[Cristo] El cual, siendo inocente,
se entregó a la muerte por los pecadores,
y aceptó la injusticia
de ser contado entre los criminales.
De esta forma, al morir, destruyó nuestra culpa,
y, al resucitar, fuimos justificados.
Un anticipo de todo lo que será vivido en los misterios santos de la Semana Santa y del Triduo pascual es este prefacio. Cristo es inocente y santo, acepta su pasión injusta por salvarnos, destruye la muerte con su muerte nos da nueva vida.
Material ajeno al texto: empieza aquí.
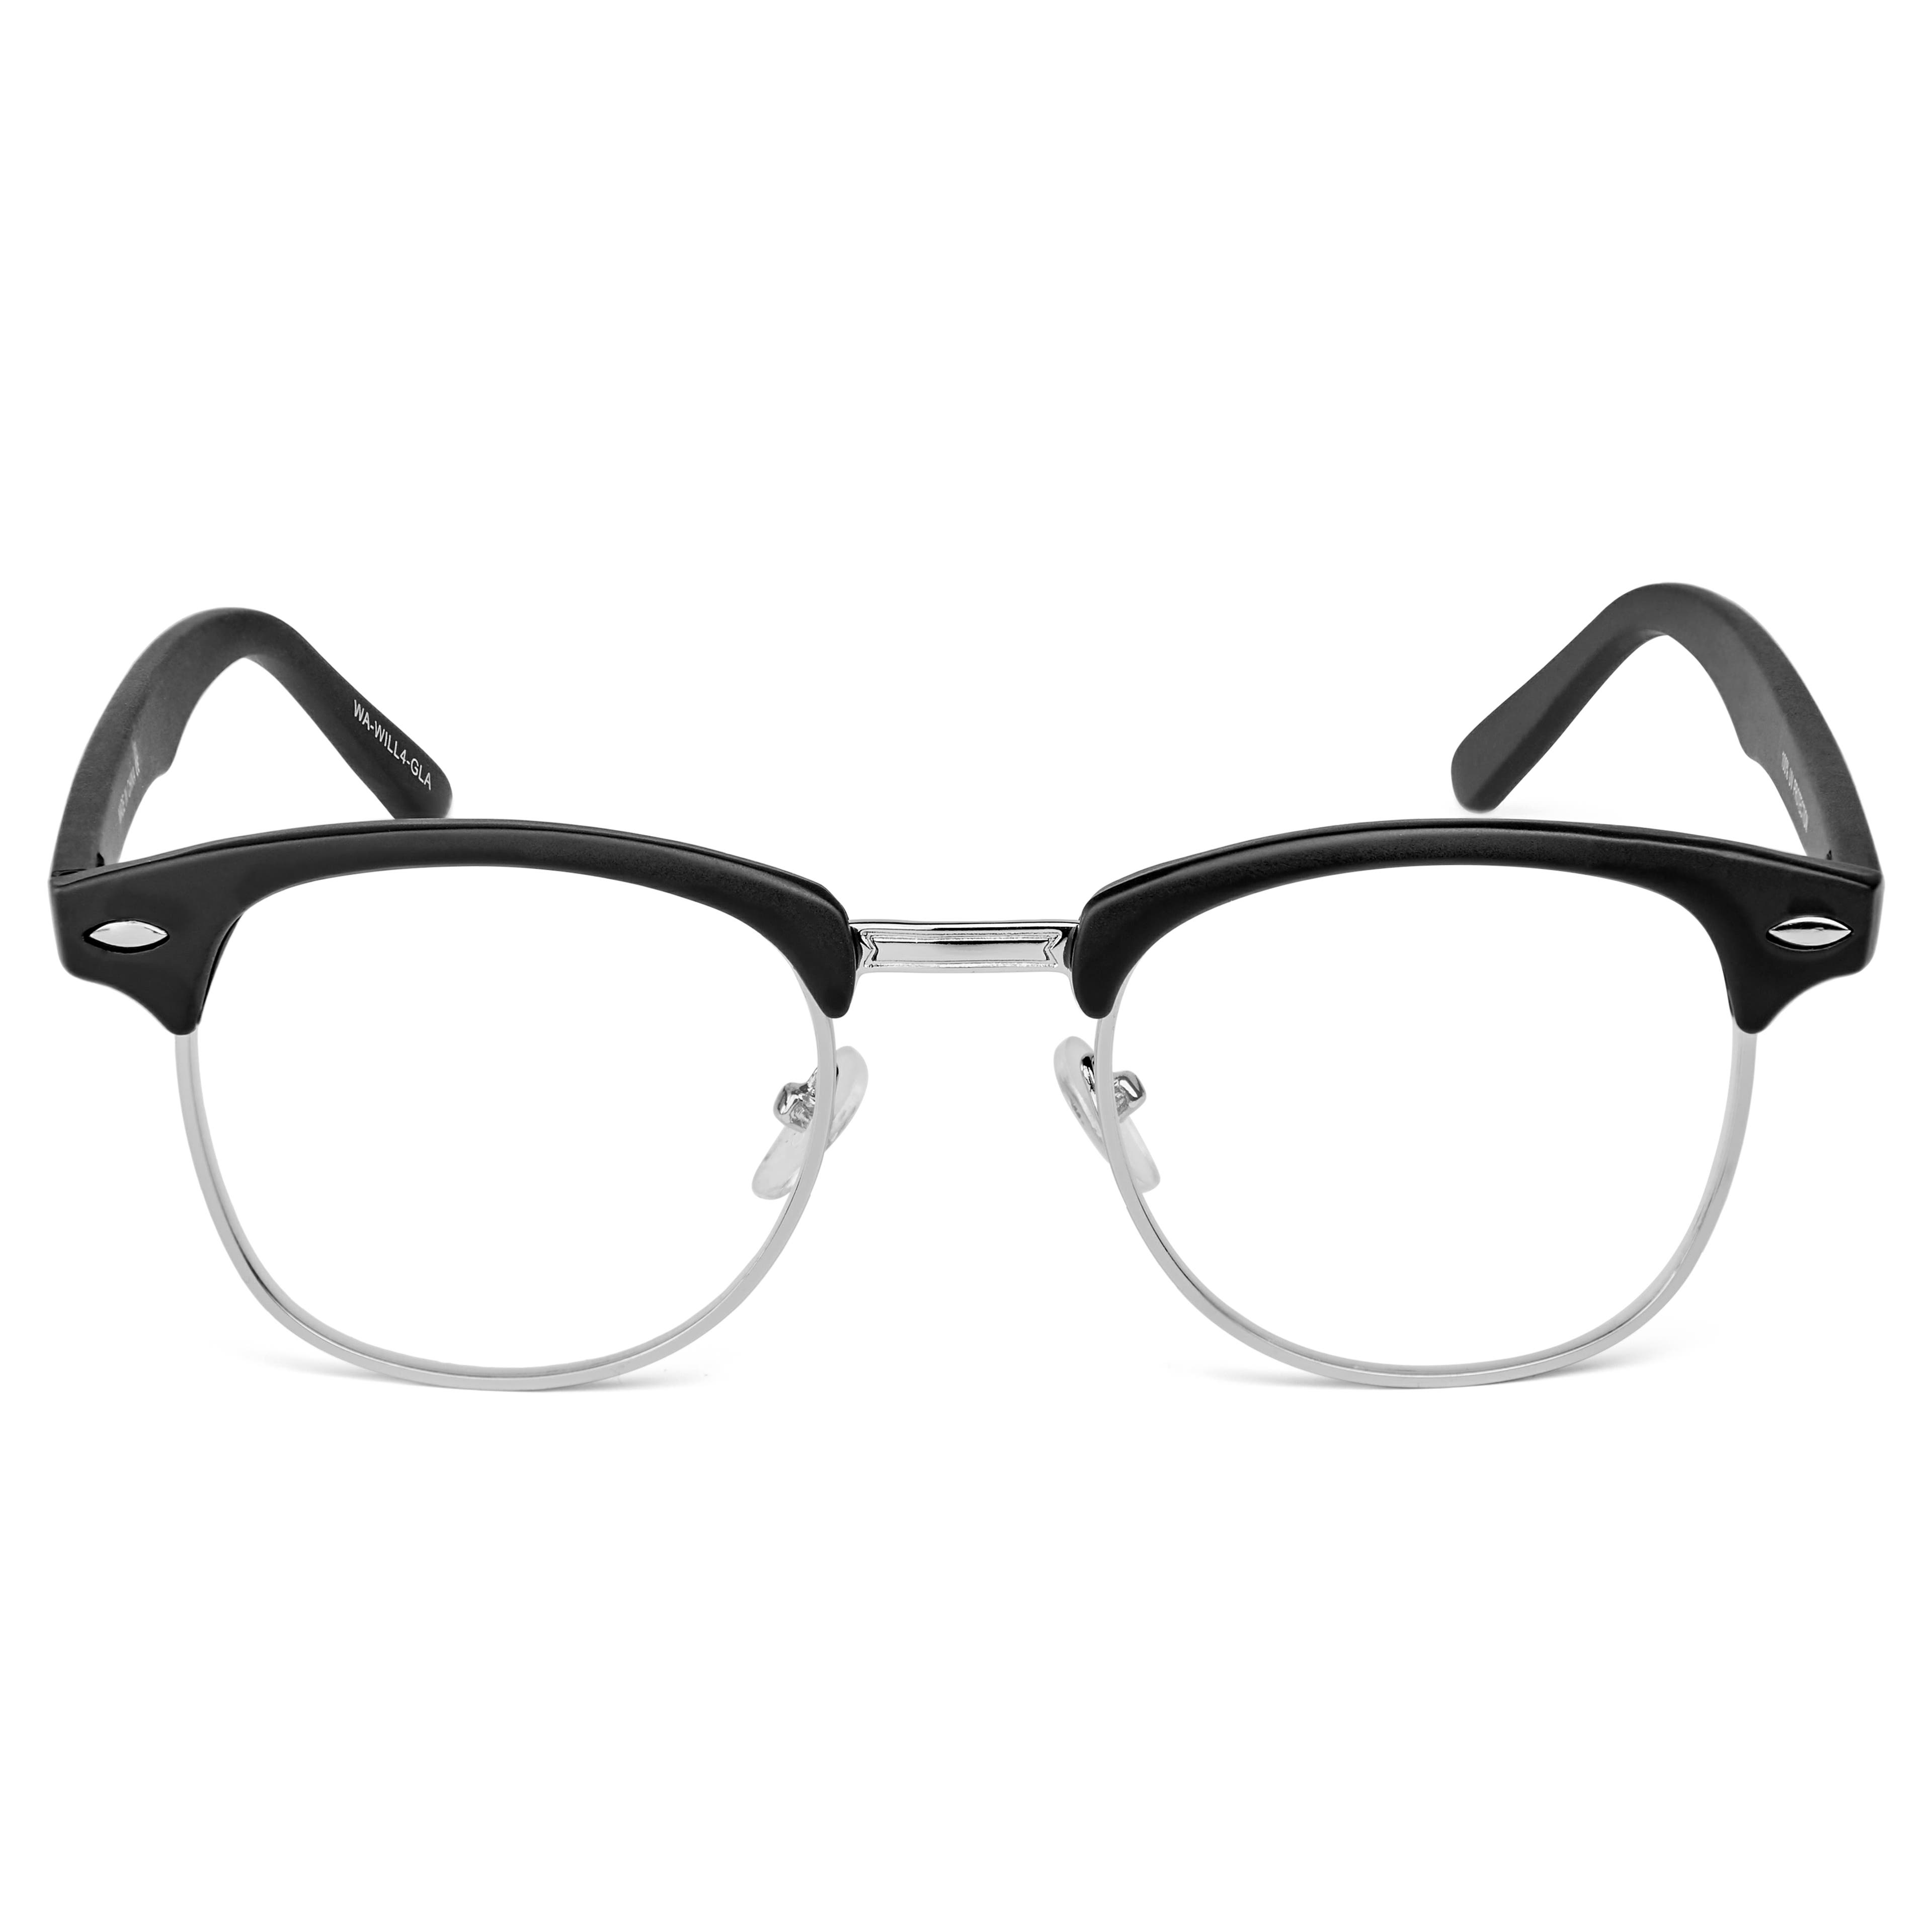 Gafas browline con las lentes transparentes
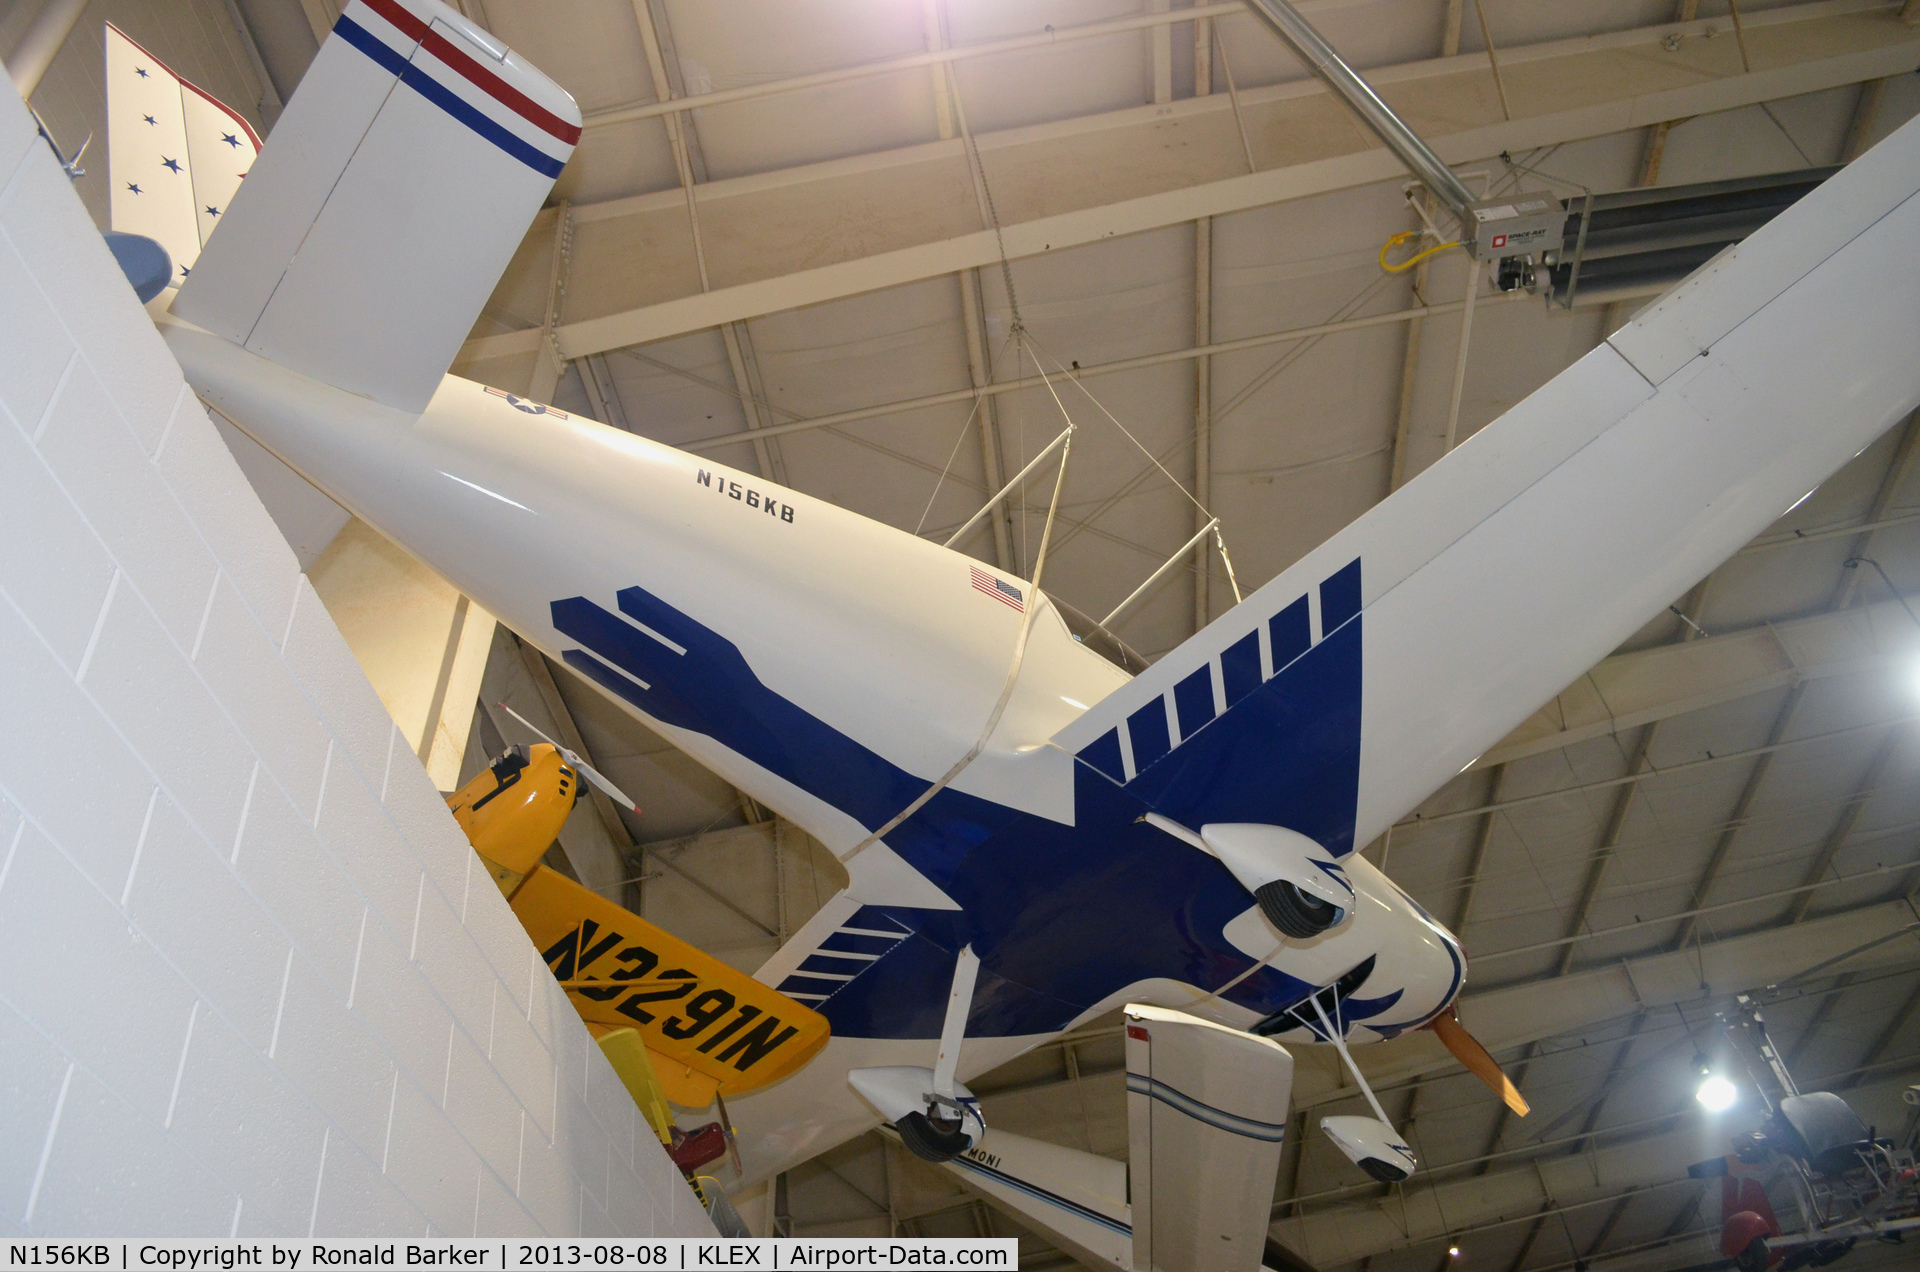 N156KB, 1991 Aero Designs Pulsar C/N 156, Aviation Museum of KY

Está entretejido de retazos bíblicos que, a lo largo de la Semana Santa, y muy especialmente, en el Oficio de la Cruz del Viernes Santo, oiremos proclamar. Cristo es el Inocente, el único Justo. Su muerte ni es un accidente ni es un gesto simbólico de solidaridad con los oprimidos, sino una muerte redentora: “se entregó a la muerte por los pecadores”. Ya San Pablo exaltaba cómo Cristo se entrega, admirablemente, por nosotros impíos y pecadores, y eso resulta incomprensible porque, por un hombre de bien, tal vez se atrevería uno a morir. ¡Es la generosidad del Corazón de Cristo con tal de redimirnos!
Esa muerte redentora provoca la vida; con su muerte destruye la muerte y el propio pecado, y a nosotros, pecadores, como un intercambio, nos justifica por su santa resurrección.
Más que meditar, deseemos contemplar y vivir estos misterios que se nos dan en la liturgia, paso a paso, hasta desembocar en la Santísima Noche de Pascua, en la Vigilia pascual.